In this Tutorial I will describe how you can get started with Machine Learning on Linux using Scikit-Learn and Python 3
What is Machine Learning ?
Machine Learning is a way in which a Computing System like your Linux Computer can predict an output by learning from a sample set of Input Data.
Predicting an Unknown animal or flower based on it's features
While building a Machine Learning program you will need to provide the program with a sample data set from which it can learn, Say features of known types of flowers. You can then use the program on data from an unknown type of flower to predict it's type.

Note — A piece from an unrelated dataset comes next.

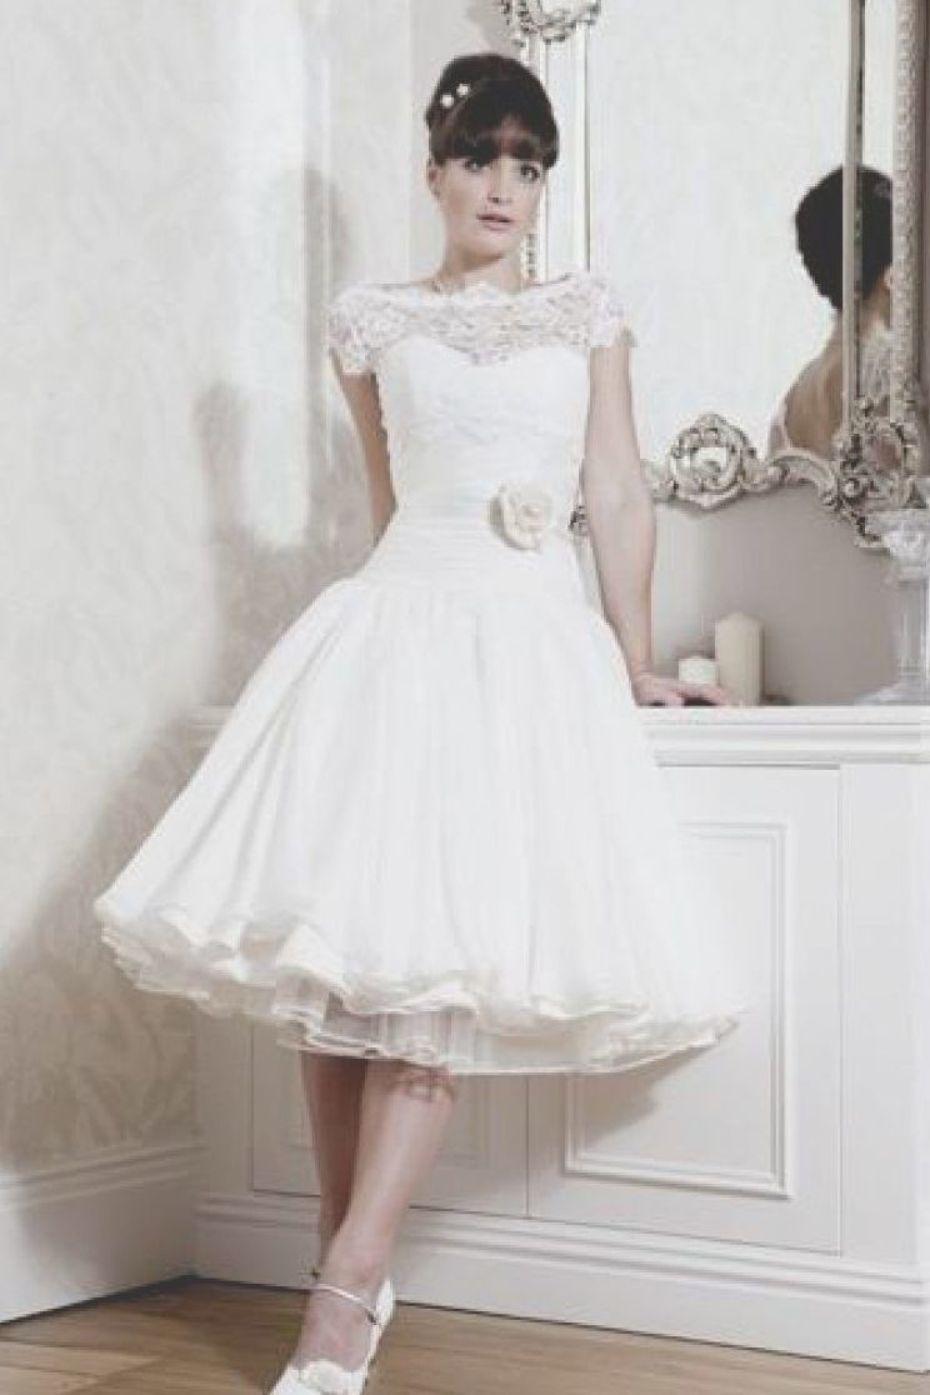 Luxury Vintage 50s Wedding Dresses Wedding Ideas Wedding Dresses 50s Vintage Dresses 50s Short White Lace Wedding Dress

There are many types of Machine Learning Algorithm's which can be used to solve different types of problems. But since this is a getting started I will describe how you can solve a Simple Classification problem with Machine Learning using the "Decision Tree Classifier" Algorithm from Scikit-Learn
I have tested this tutorial on Ubuntu 14.04 and Linux Mint 18 with Python 3.5
The best way to install Scikit-Learn is to use the Anaconda package installer from 'continuum.io'. The installer comes with a script which will install Scikit-Learn along with other packages and dependencies required for your Linux machine.
#Download the Script
$ wget https://repo.continuum.io/archive/Anaconda3-4.2.0-Linux-x86_64.sh
#Run the script,
$ bash Anaconda3-4.2.0-Linux-x86_64.sh
#Finally install Graphviz for visualing the flow of the Program
$ sudo apt-get install graphviz
The above bash script creates an anaconda3 folder which has all dependencies installed including a package manager called "conda" which you can use to install additional packages.
$ cd anaconda3/
$ source bin/activate
Step 1: Importing the Dataset
You will need two sets of Data. One which will be used to train the program and the other to test it.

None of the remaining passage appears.